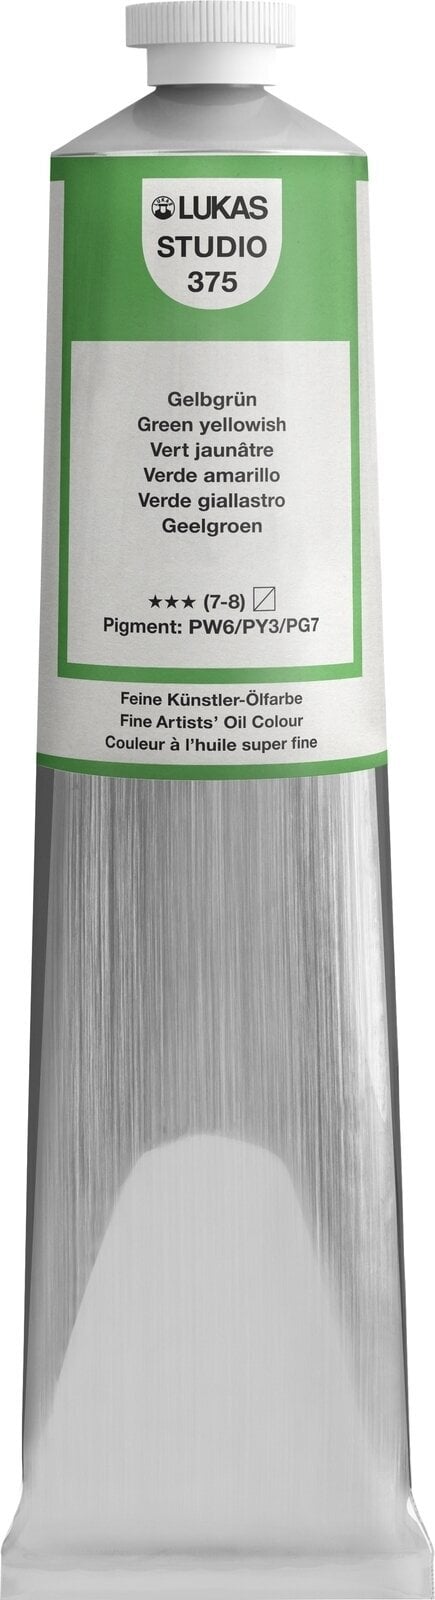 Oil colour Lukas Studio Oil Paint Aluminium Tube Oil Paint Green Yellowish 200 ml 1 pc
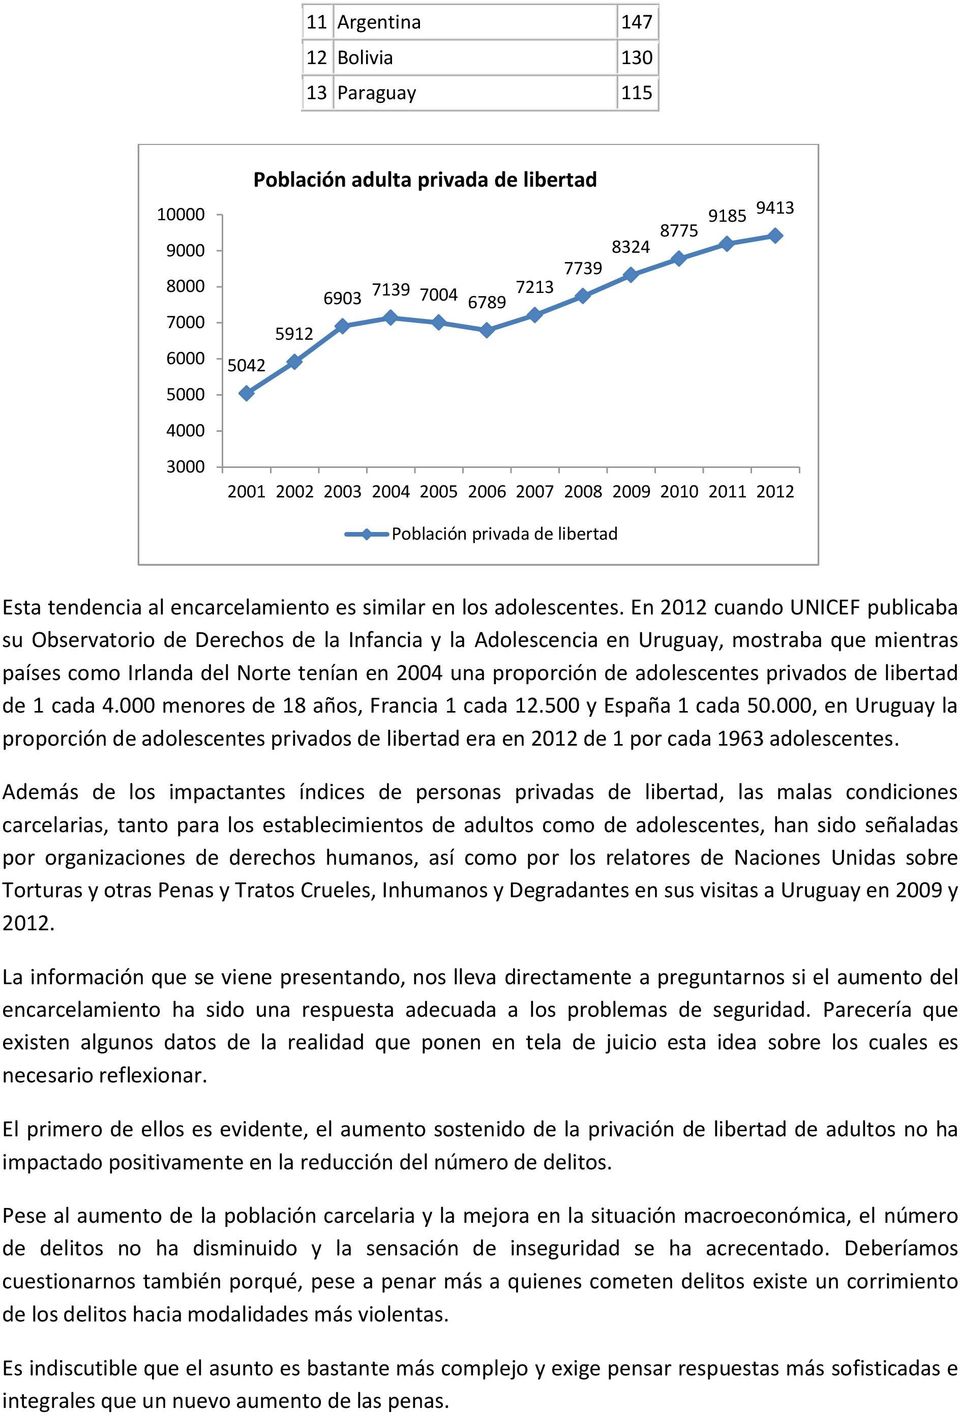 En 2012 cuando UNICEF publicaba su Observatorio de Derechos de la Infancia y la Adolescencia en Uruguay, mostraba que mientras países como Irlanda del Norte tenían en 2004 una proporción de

---

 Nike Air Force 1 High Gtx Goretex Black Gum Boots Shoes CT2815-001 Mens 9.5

**What to produce:** Output exactly, and only, the lines of the entries above from the one with "Oil colour Lukas" up to and including the one with "En 2012 cuando"; pictures are to be left out.

**Worked solution:**
 Oil colour Lukas Studio Oil Paint Aluminium Tube Oil Paint Green Yellowish 200 ml 1 pc
 En 2012 cuando UNICEF publicaba su Observatorio de Derechos de la Infancia y la Adolescencia en Uruguay, mostraba que mientras países como Irlanda del Norte tenían en 2004 una proporción de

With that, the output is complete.